I read a book once, Charles Dickens. I never got past the first sentence. It boggled my mind completely in English class, while everyone seemed to confront this book with grace and ease. That was not my experience with Tale Of Two Cities. Even the name baffled me, "Two cities in this tale, how does that work?" "It was the best of time, it was the worse of times. "Huh, best and worse, simultaneously?- How can that be?" Although open to understanding, I pondered this thought for some time. Then I truly lived it. This one sentence said it all. I was a young girl, that was not though the best of times. The best of times for me was when I was ruled by an illness I knew nothing about. Bipolar What? Bipolar was just as foreign as that first sentence in the Charles Dickens classic. The book was heavy, the pages were packed full of words, the smell was old and musty, but tasteful. It was overwhelming, and I was lost. "Oh great" I thought, "all I did was open a book and now I am going to fail English" Which I didn't, I paid great attention to our class lessons and got the jyst of what garbles we were discussing.

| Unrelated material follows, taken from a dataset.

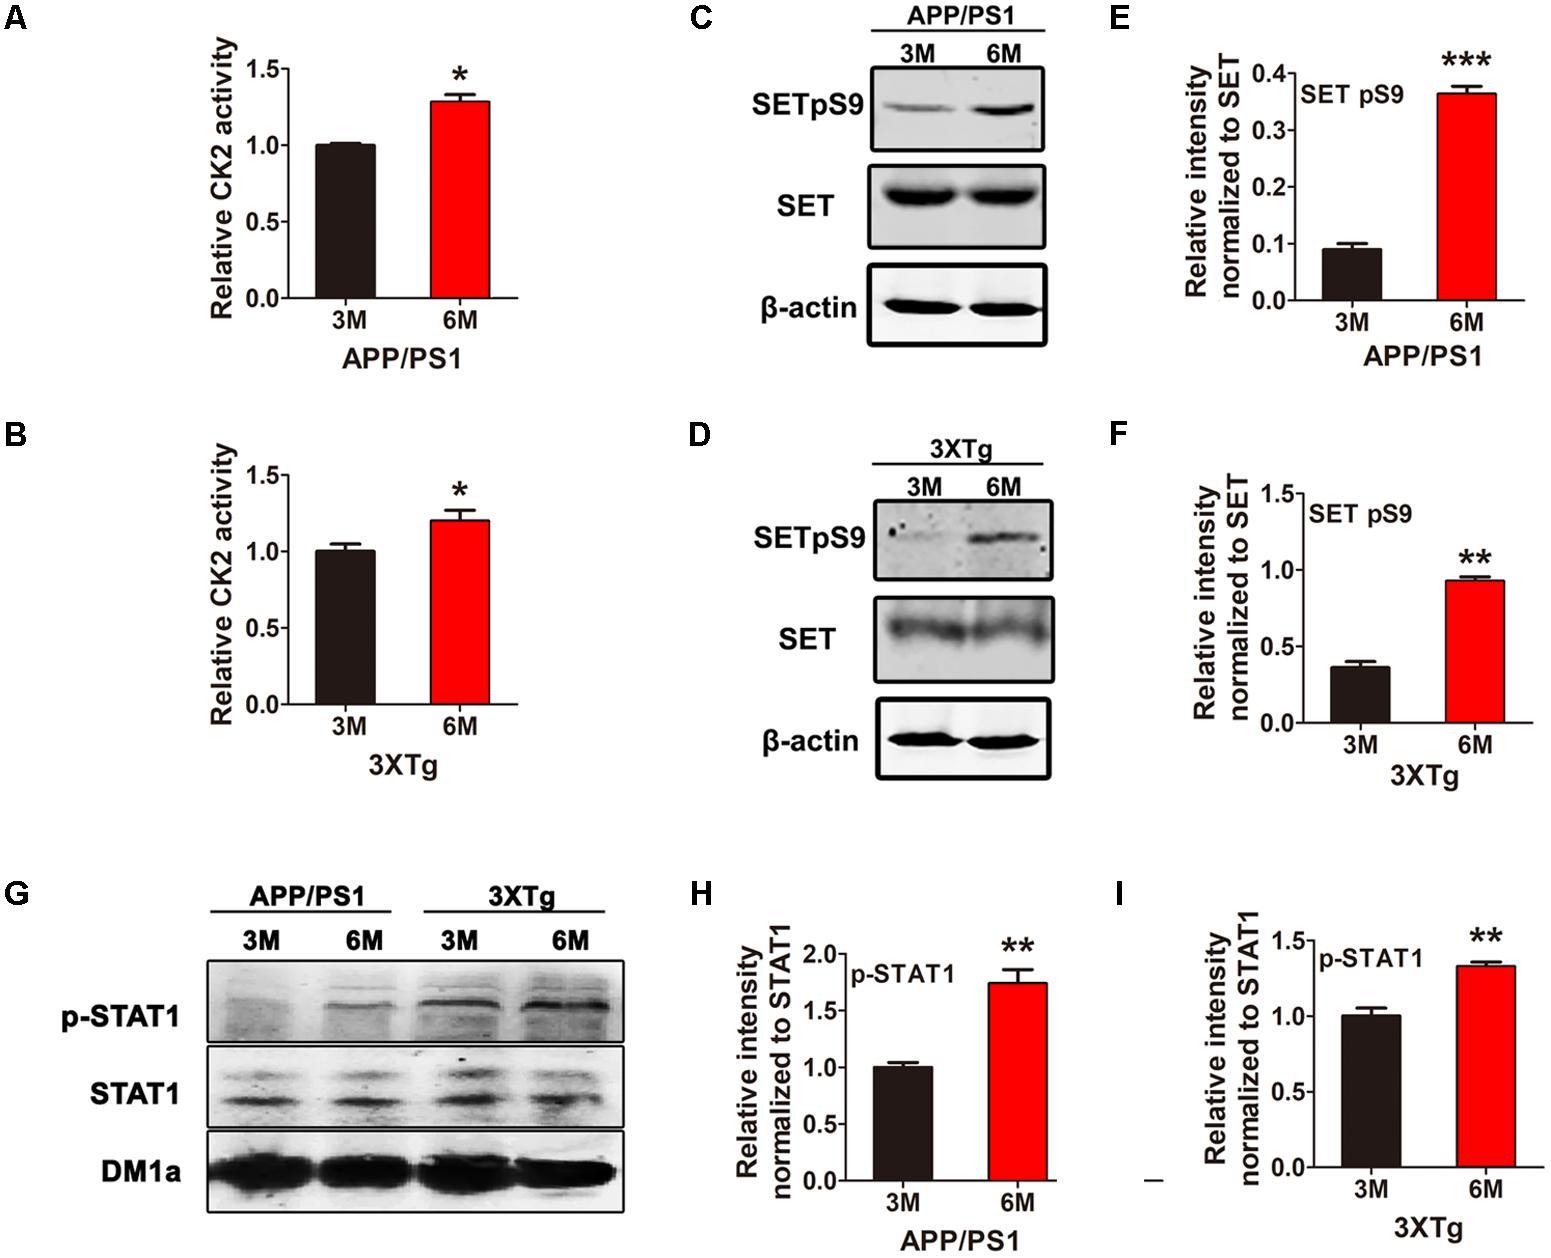 Frontiers | CK2 Phosphorylating I2PP2A/SET Mediates Tau Pathology

Bipolar, and mental health in general is much the same as an old and heavy, dusty book. At first, puzzled, lost, in a daze of horror of the impending feeling of failing, the look on my Teachers-oops; I mean Mothers face was enough to know that I was headed down a dark and scary road. My Mother knew it, I knew it. This would be the worse of times. I've talked about the battles, I won't bore you with the battles, it was the worse.

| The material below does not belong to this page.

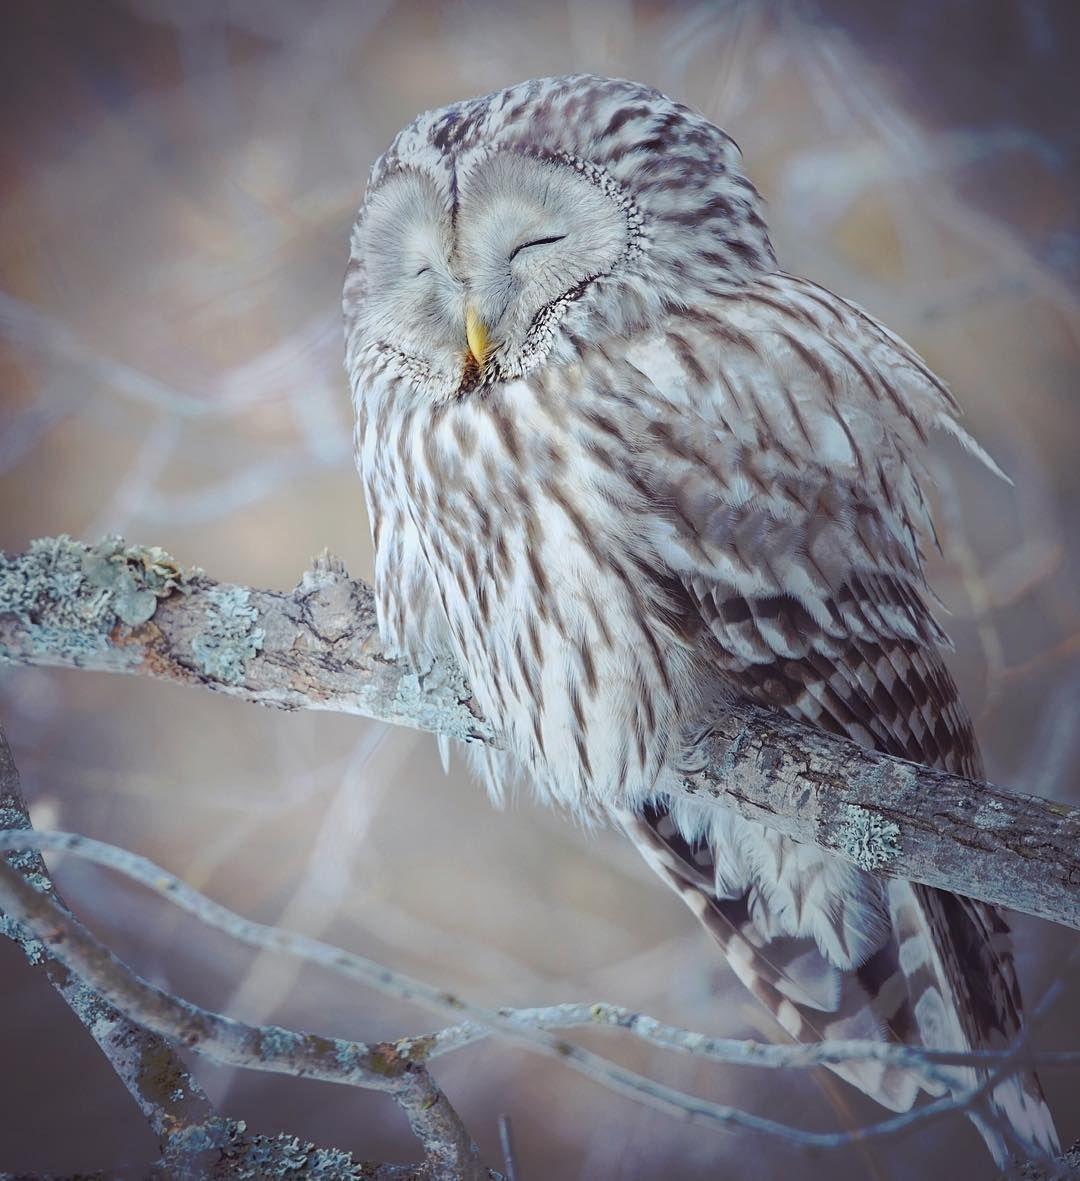 Ural owl (strix uralensis) sleeping on a branch. Finland  #marvelshots #photoarena_nature #splendid_animals #feather_perfection #WildGeography #GlobalDaily #bella_shots #elegantanimals #animalelite #exklusive_nature #shotaward #wonderfulworld #amazing_picturez #igscwildlife #animalsmood #exelent_nature #exclusive_animals #planet_of_animals #perfection_nature #pro_nature #greatshots #greatphotos #masters #master_shots #magic_shots #nature_of_our_world #igscwildlife #IgAnimal_Snapsk…

It was also the best. With saying that, though not reading a morsel past this clever introduction to a huge undertaking of a novel, I can honestly say that what I learned through the course of the best days of my life, was honestly found in the enriches of my worse. It was not just the lessons learned through triumph I love to discuss. You know, how one road leads to greater understanding and fulfillment. That with pain comes joy, and every parallel of duality of up and down, forward and backward, black and white. It was the simple part of life only found through experiences of the worse. If you lived the worse, the best sprouts up in every turn of the page.
I am able to live fully, in the moment. Fully aware of the beauty around us, fully mindful of the fact that, tomorrow I could have a bipolar filled episode, and I better enjoy the days that I do have, when well. Though, learning about gratitude and living it, learning about a thankful life, and living it, learning about being becoming comfortable in my own skin and living it. It was a breath of first-fresh air. I filled my lungs, with the blessing of my gift; the best and worse of life. Accepting that part of me, allowing it and living it.
It became the source of fight or fright. Nothing could ever be worse, nothing could ever be better. Time did heal as the saying goes. My greatest downfall and battle, became my mutant super power called gratitude. Bipolar was the worse, I would not wish it on anyone, not even myself, bipolar though....is the best.